Verified Syntheses of Zeolitic Materials

2nd Revised Edition

Safety considerations for zeolite synthesis

Harry Robson*
Department of Chemical Engineering
Louisiana Stare University, Baton Rouge, LA 70803, USA

In general, synthesis experiments are neither complex nor hazardous, and normal precautions which apply to any chemistry laboratory are adequate to protect both equipment and the investigator. But certain precautions should be called to the attention of the inexperienced operator.

1. Source Materials

Silica and alumina are inert in most forms, but ingestion of dust should be avoided. The alkoxides are skin irritants and should be handled with gloves and in a hood. Hydrofluoric acid (HF) is corrosive and skin contact or inhalation must be avoided, likewise strong caustic is corrosive to skin and equipment. Gloves and a face mask are indicated, and the experiment should be done in a hood.

In one case an "overflow" occurred when an inexperienced student put all the powdered aluminum required for a synthesis into a caustic solution. The exothermic dissolution heated the solution, accelerated the dissolution autocatalytically, and resulted in "boil over." Obviously, if hydrogen is given off, danger of explosion exists. The use of aluminum wire, which dissolves more slowly, is suggested.

Organic templates cover a wide range of volatility and toxicity. In many cases these materials are quite rare and their toxicity may not be well defined. Some are known to be biologically active; in all cases the investigator should avoid skin contact or inhalation by using gloves and working in a hood.
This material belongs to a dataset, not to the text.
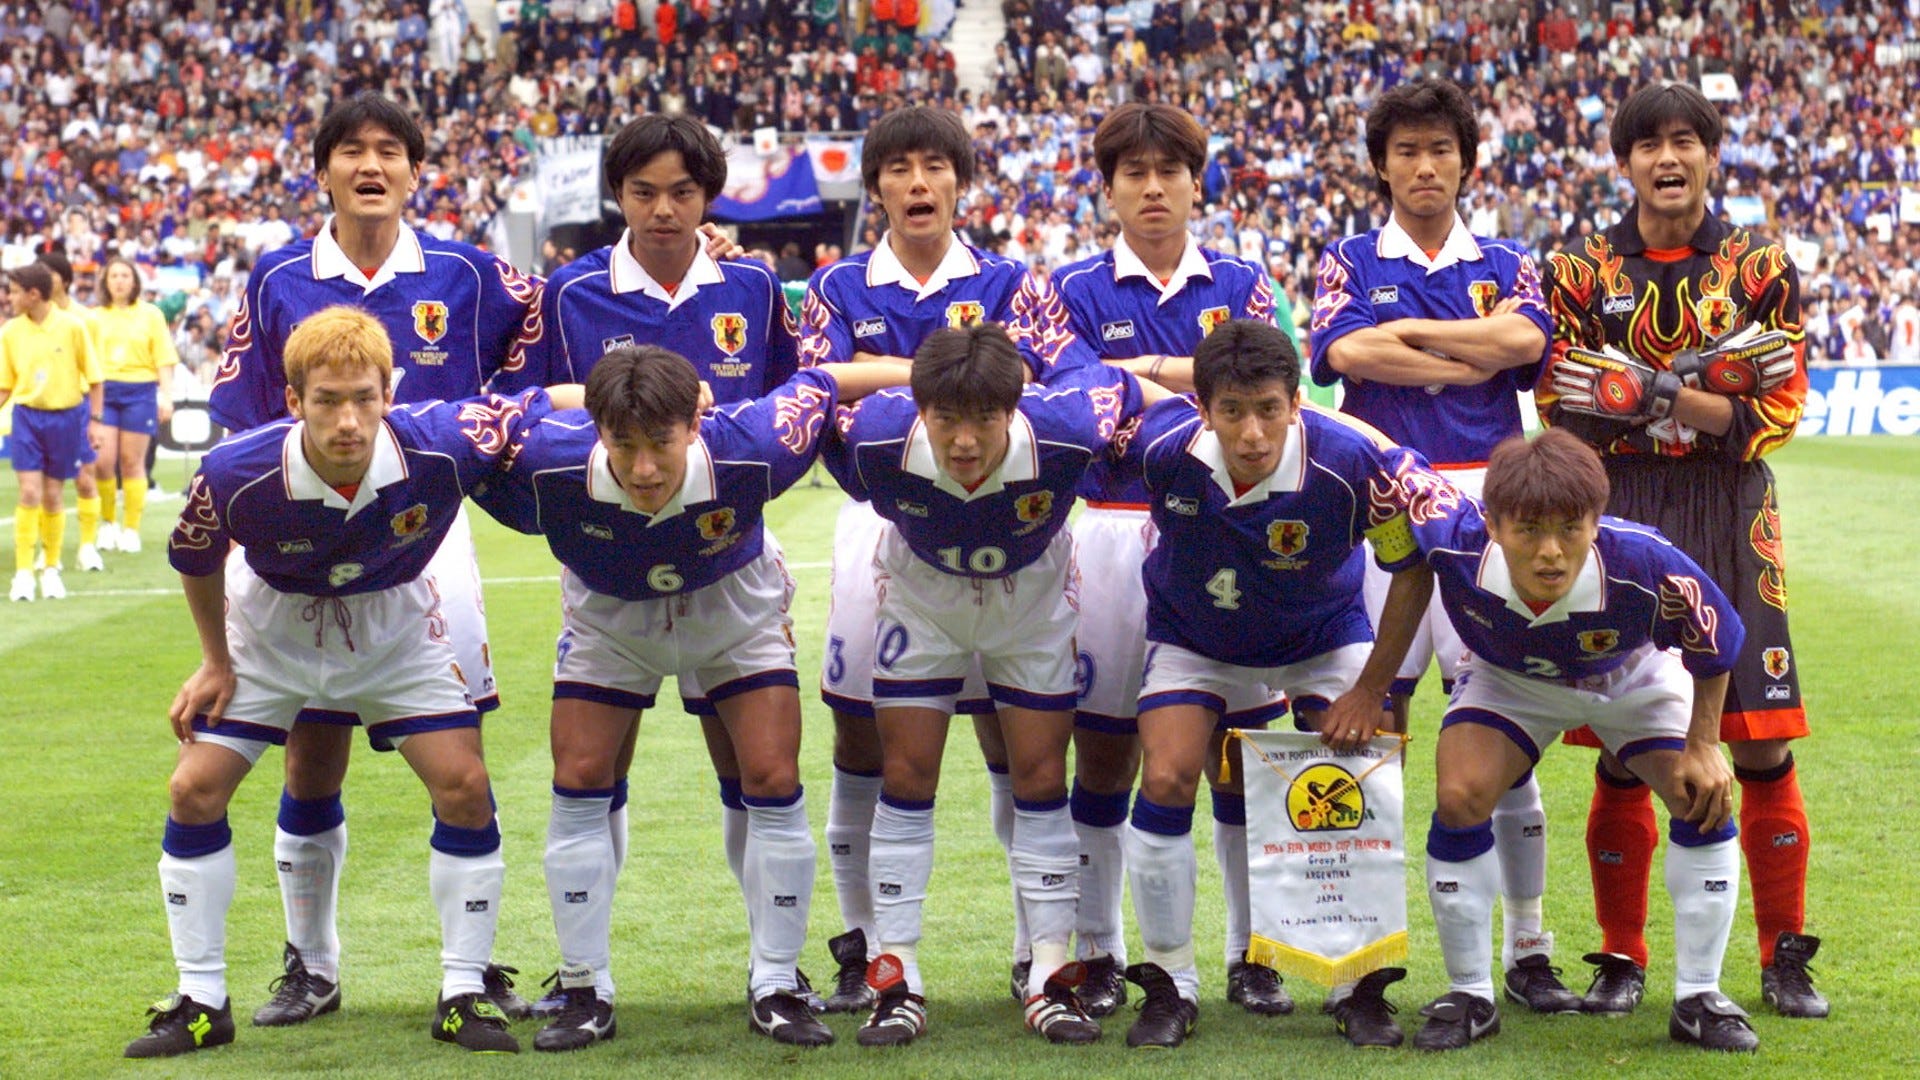 【激レア】日本代表 ユニフォーム 2002 日韓W杯モデル 背番号10

In some cases, the potential exists for explosive decomposition of the template under crystallization condition. There is no good way to rule out this possibility, but a strong exotherm in the thermal analysis curve of the template indicates it should be treated with caution.

No preparations in this book use beryllium (Be) or thallium (TI), but reports can be found in the literature of zeolite syntheses using these materials. Be and TI are extremely toxic and should be used only by experts who thoroughly understand the necessary precautions.

2. Batch Preparation

The hazards of handling strongly caustic materials are increased when the solutions are hot. Gloves and face mask are still more important. Hydrolysis of the alkoxides produces heat; this may not be a problem in gram quantities but becomes so with scale-up. The alcohol produced is often removed by evaporation which can be a fire hazard. High-speed mixers can be splash hazards unless totally contained.

3. Crystallization

Zeolite crystallization is usually done at autogenous pressure at temperatures up to 200°C. With water present, this can mean pressure up to 15 atm. When organic templates are present, the pressure can be considerably higher. The manufacturer‚s specifications for the autoclave must be carefully considered. The liquid fill of the cold autoclave should not exceed 75%; the expansion of liquid water between 25 and 200°C is not negligible. Teflon loses its strength above 200°C. Teflon gaskets and liners must be treated with caution at these temperatures. When working in metal autoclaves without liners, stainless steel exposed to caustic mixtures undergoes caustic embrittlement at temperatures above 200°C, which can quickly ruin an autoclave. To clean autoclave liners between experiments, strong, hot mineral acids are usually used, for example HNO3. It takes copious amounts of rinse water to remove all the acid.

Polypropylene jars may be used for crystallizations below 100°C. After extended use, they tend to spring a leak, as the bottom begins to separate. Although there is no danger of the jars bursting at this temperature, organic vapors are liberated, so that the oven or bath used for heating should be placed under a hood or have otherwise good ventilation.

Sealed quartz tubes are often used as the crystallization container, especially for small quantities and high throughput. Also one can monitor progress of crystallization visually. Qpartz is a poor conductor of heat, but prolonged heating for sealing can heat the synthesis batch to boiling if the neck is too short. After crystallization, the quartz reactor should be opened behind a shield to protect the operator in case of residual gas pressure.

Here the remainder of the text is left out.